*** Provided data ***

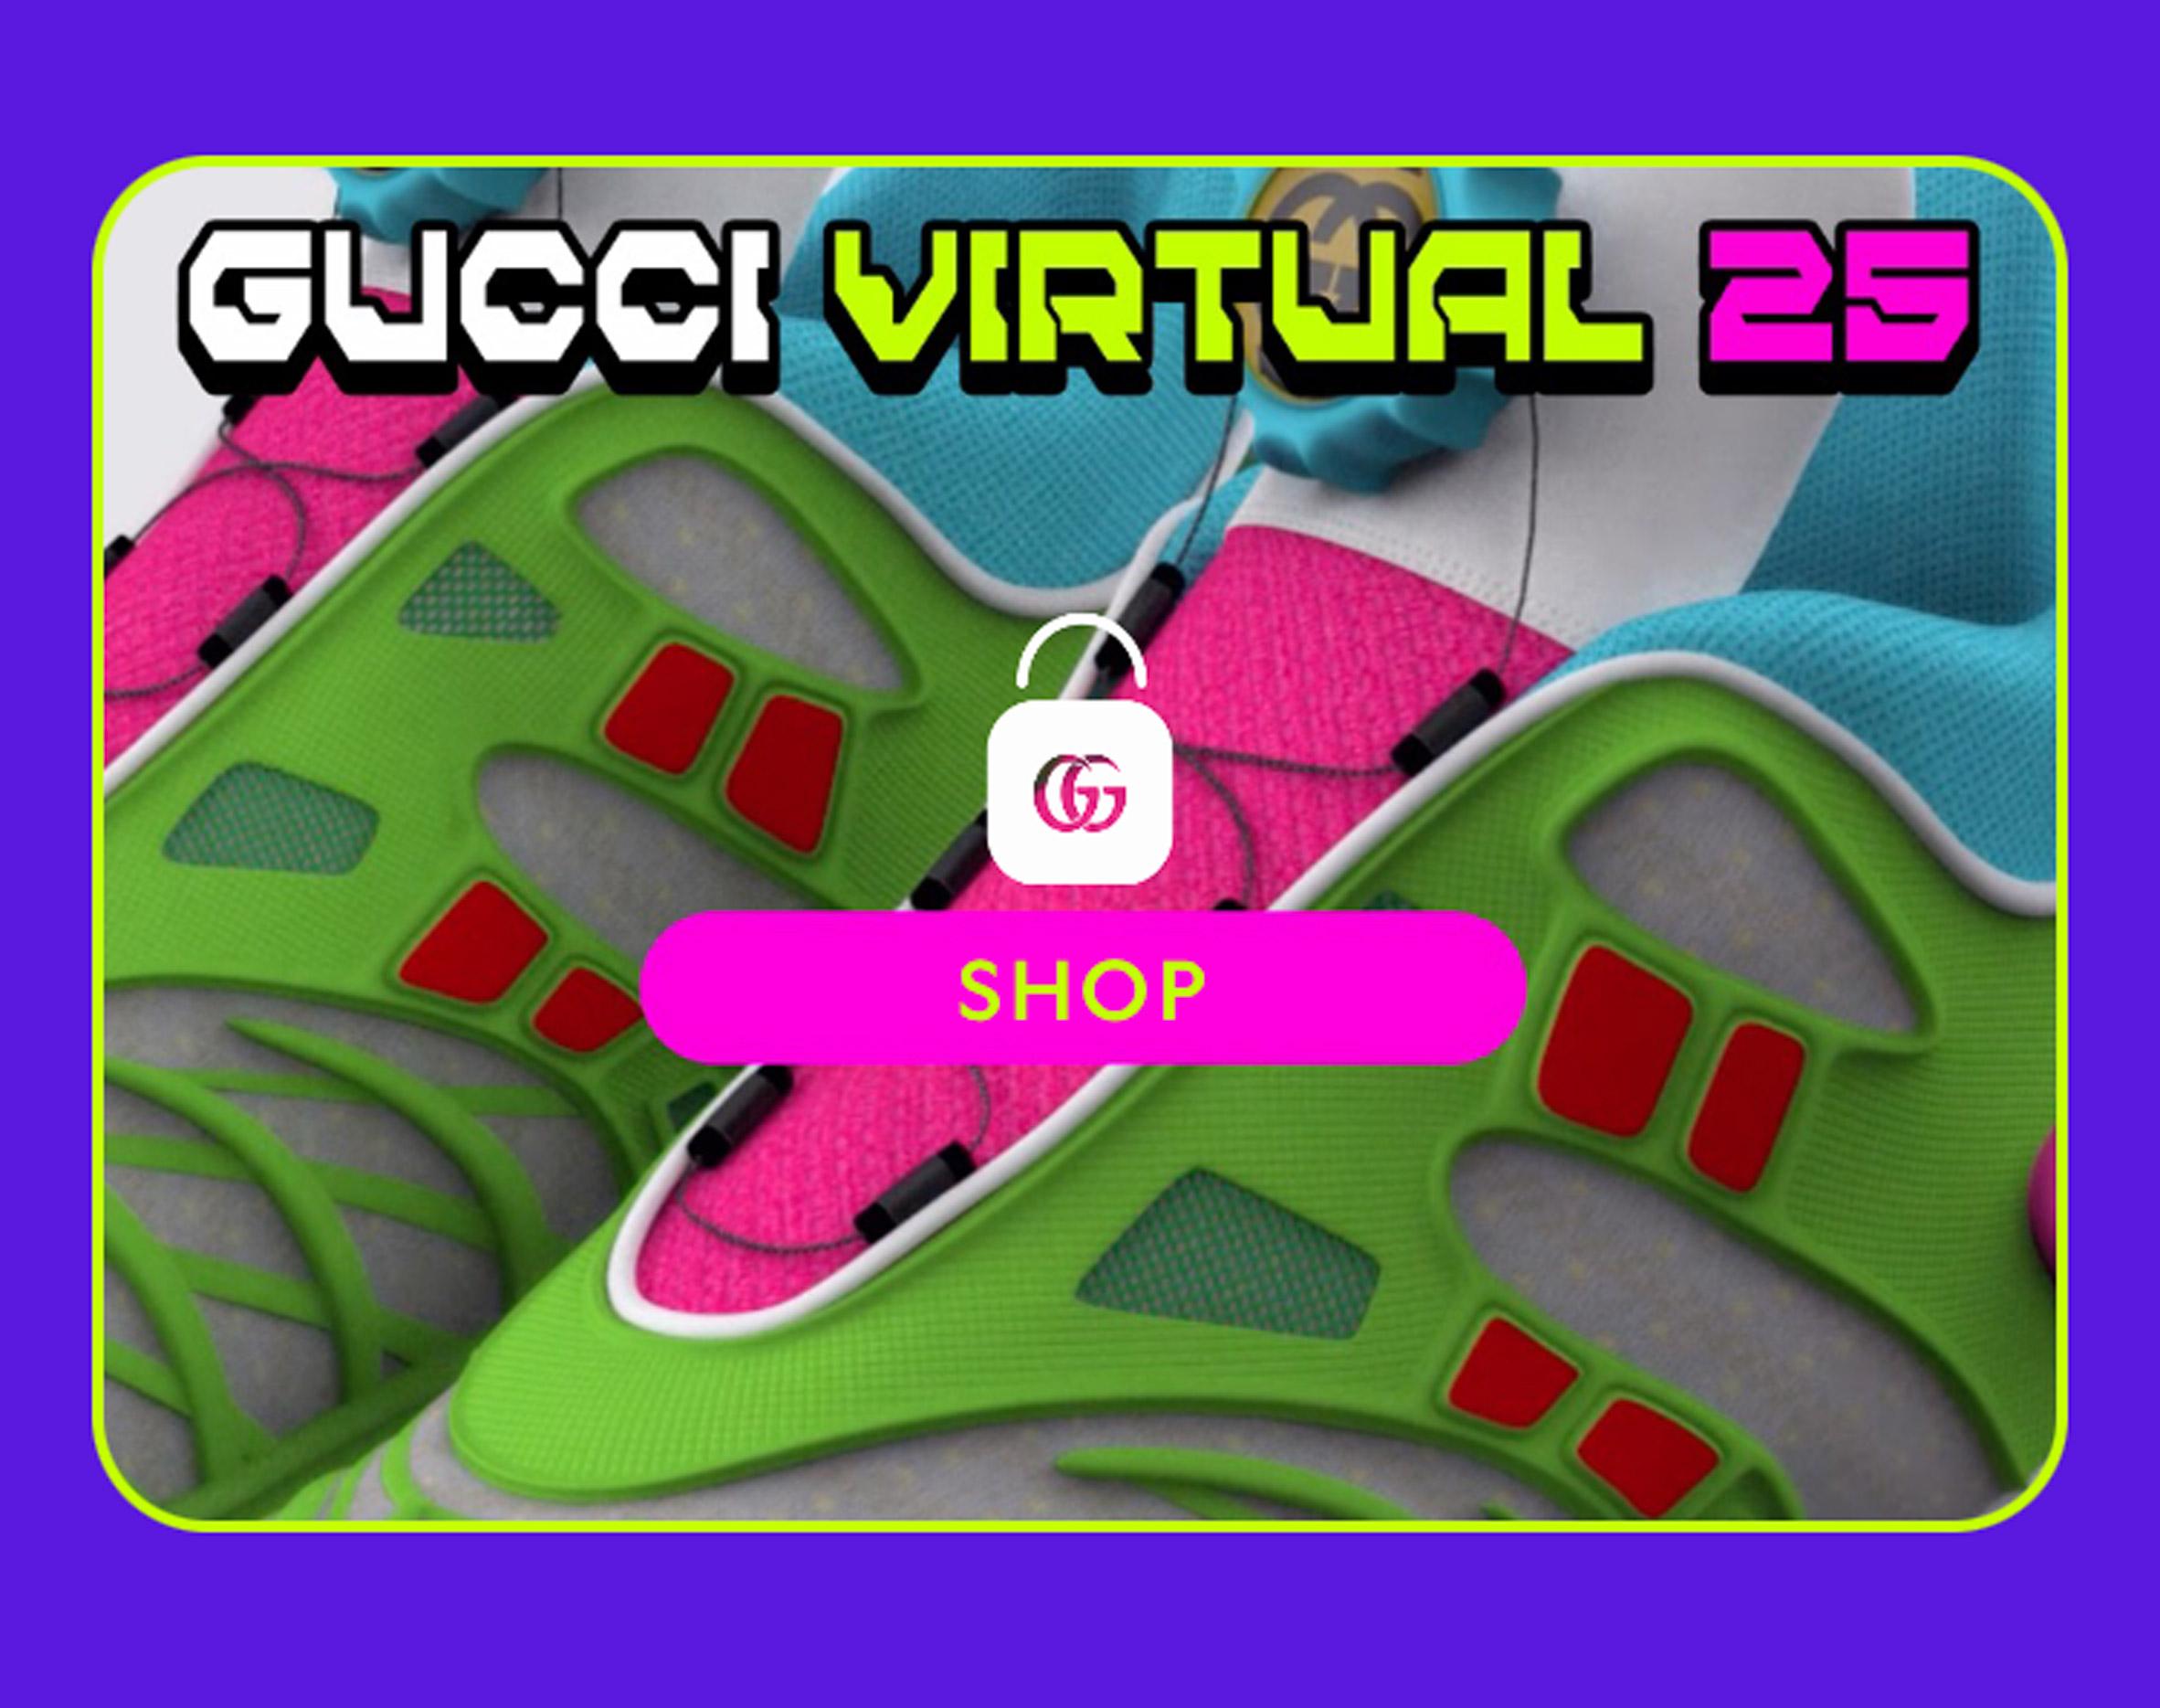 Virtual 25 trainer in Gucci app
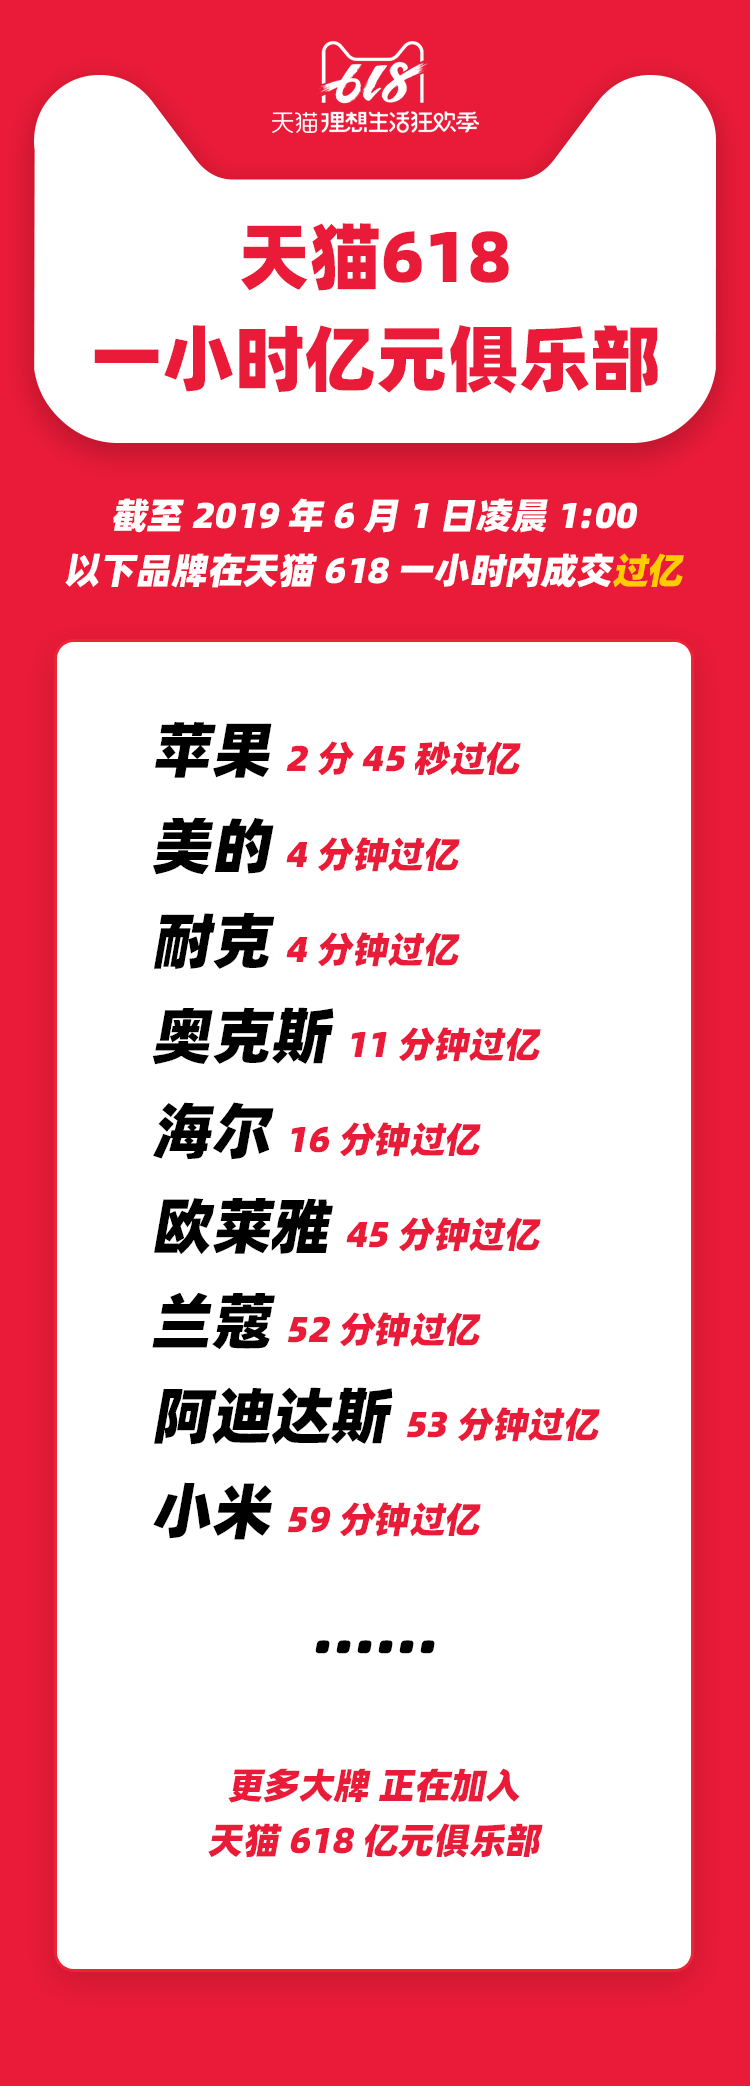 Taobao Brief Report
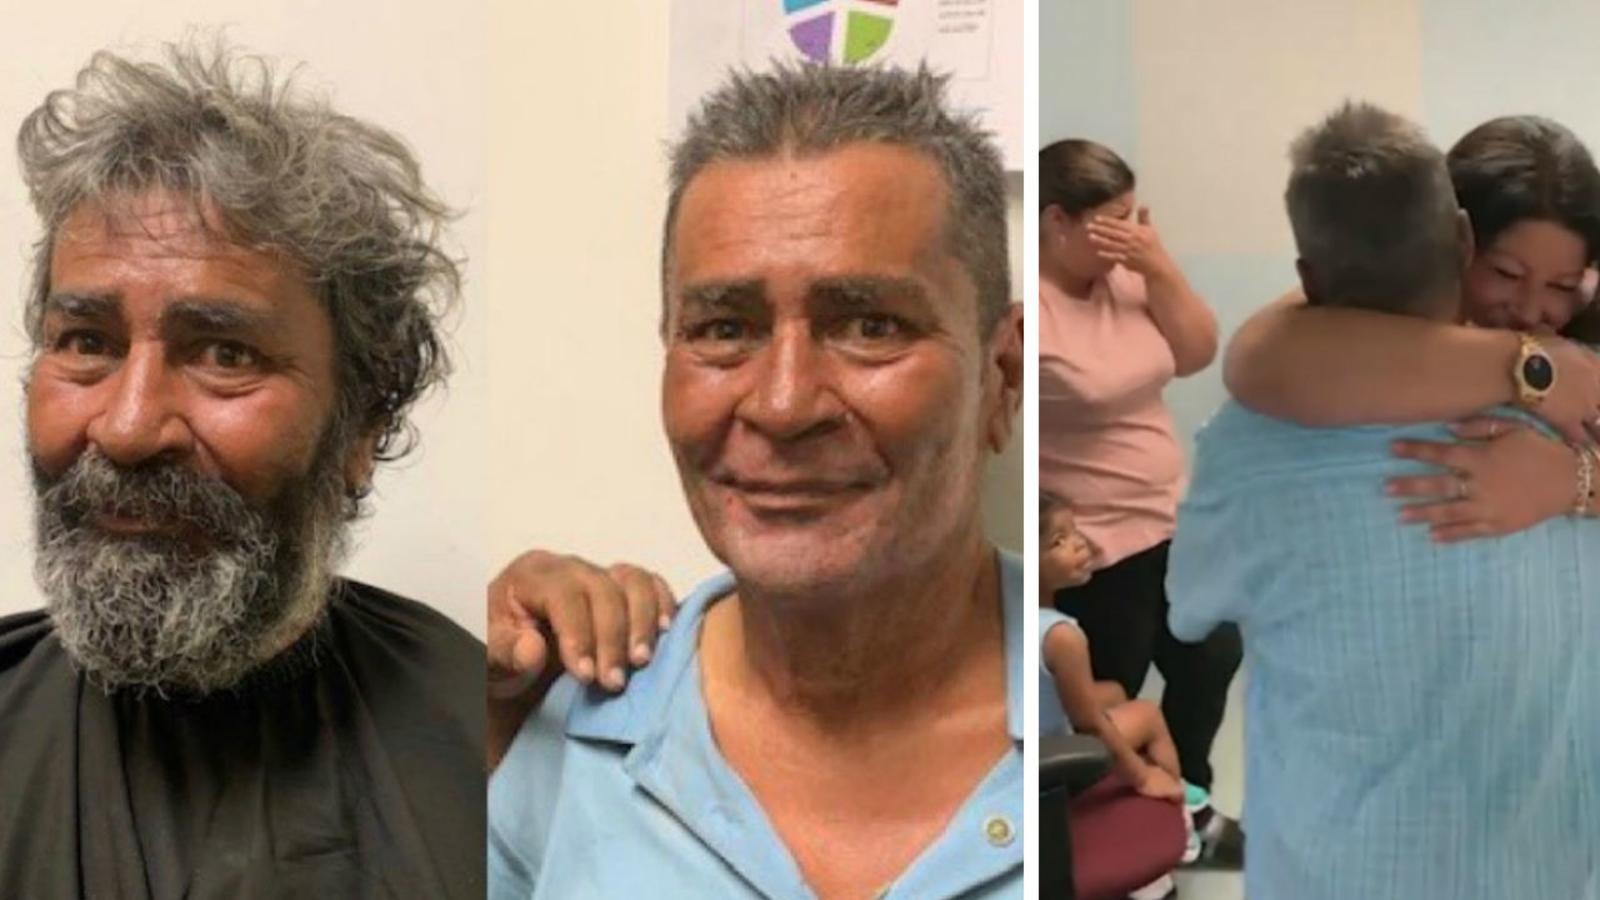 Tears of joy: NJ Transit reunites homeless man with daughter, granddaughters
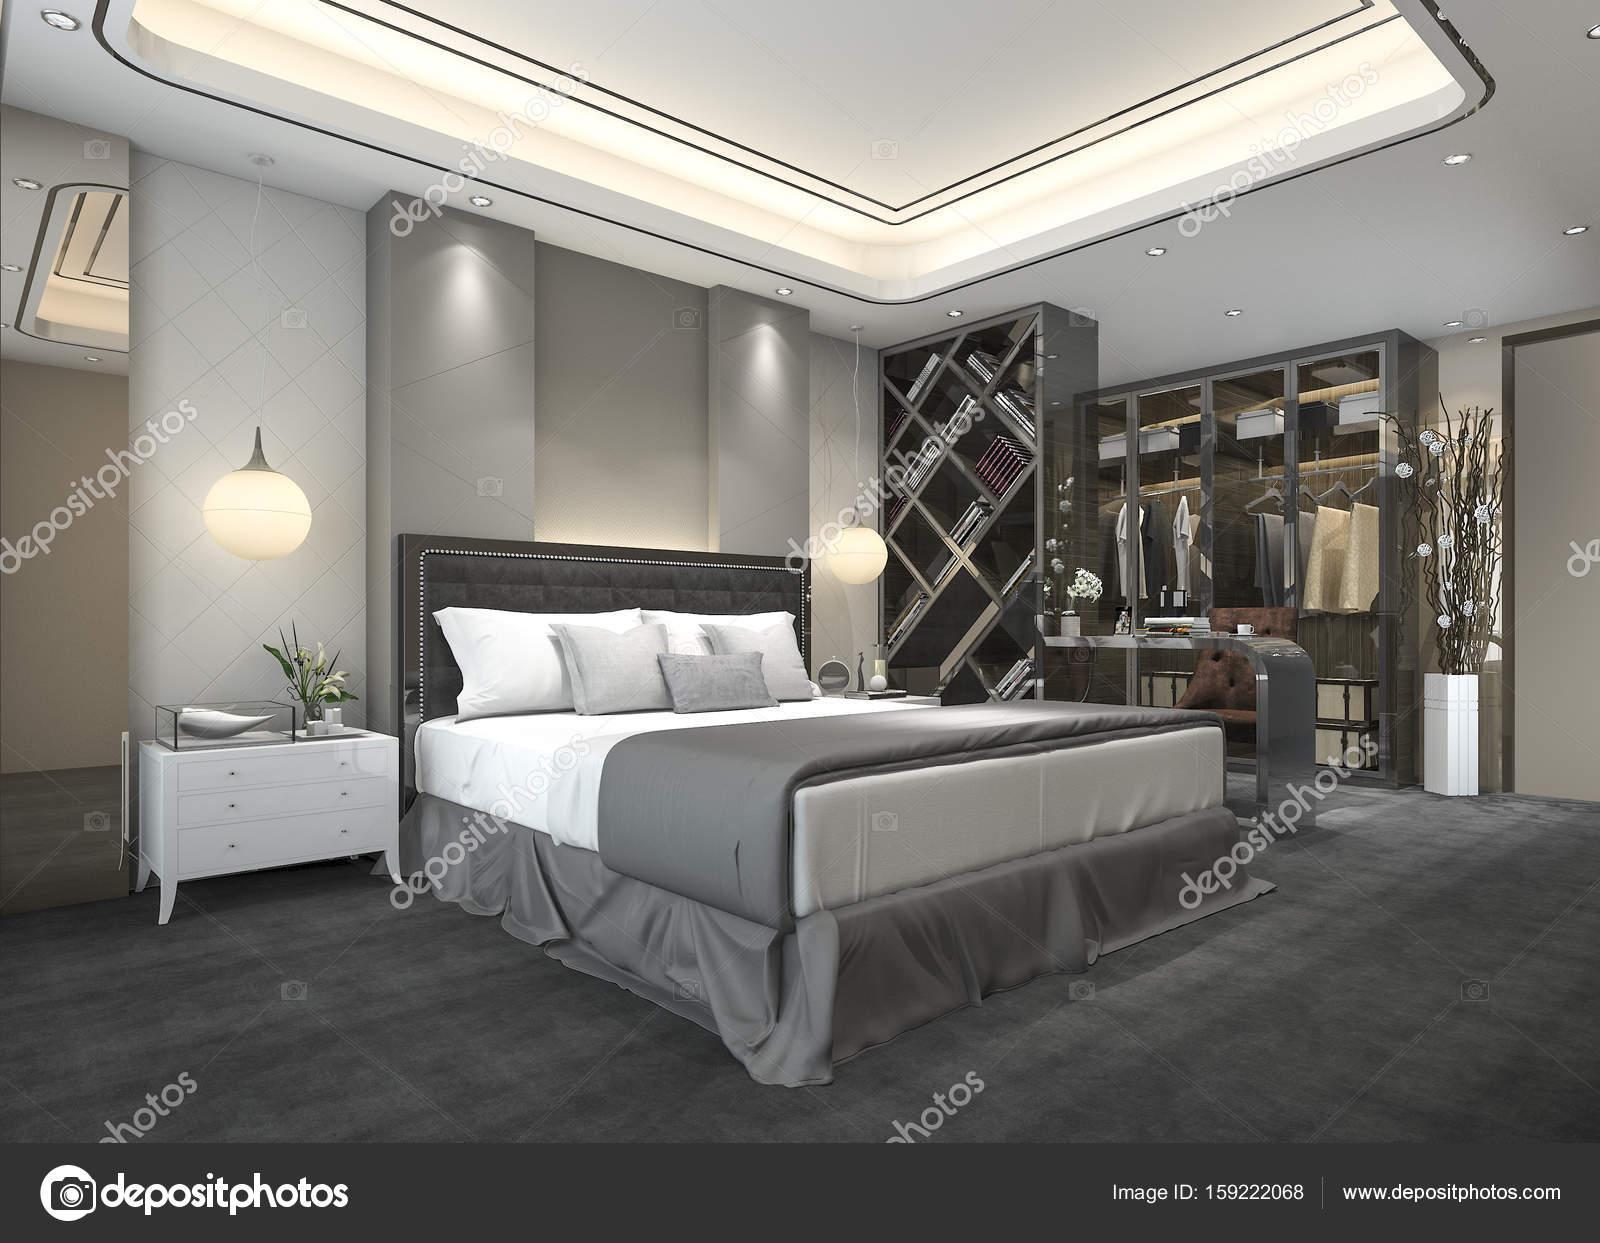 https://st3.depositphotos.com/11352286/15922/i/1600/depositphotos_159222068-stockafbeelding-3d-rendering-luxe-moderne-slaapkamer.jpg

***

◆ **Brief**
Give back the whole listing as it stands, minus its pictures.

◆ **Solution below**
 Virtual 25 trainer in Gucci app
 Taobao Brief Report
 Tears of joy: NJ Transit reunites homeless man with daughter, granddaughters
 https://st3.depositphotos.com/11352286/15922/i/1600/depositphotos_159222068-stockafbeelding-3d-rendering-luxe-moderne-slaapkamer.jpg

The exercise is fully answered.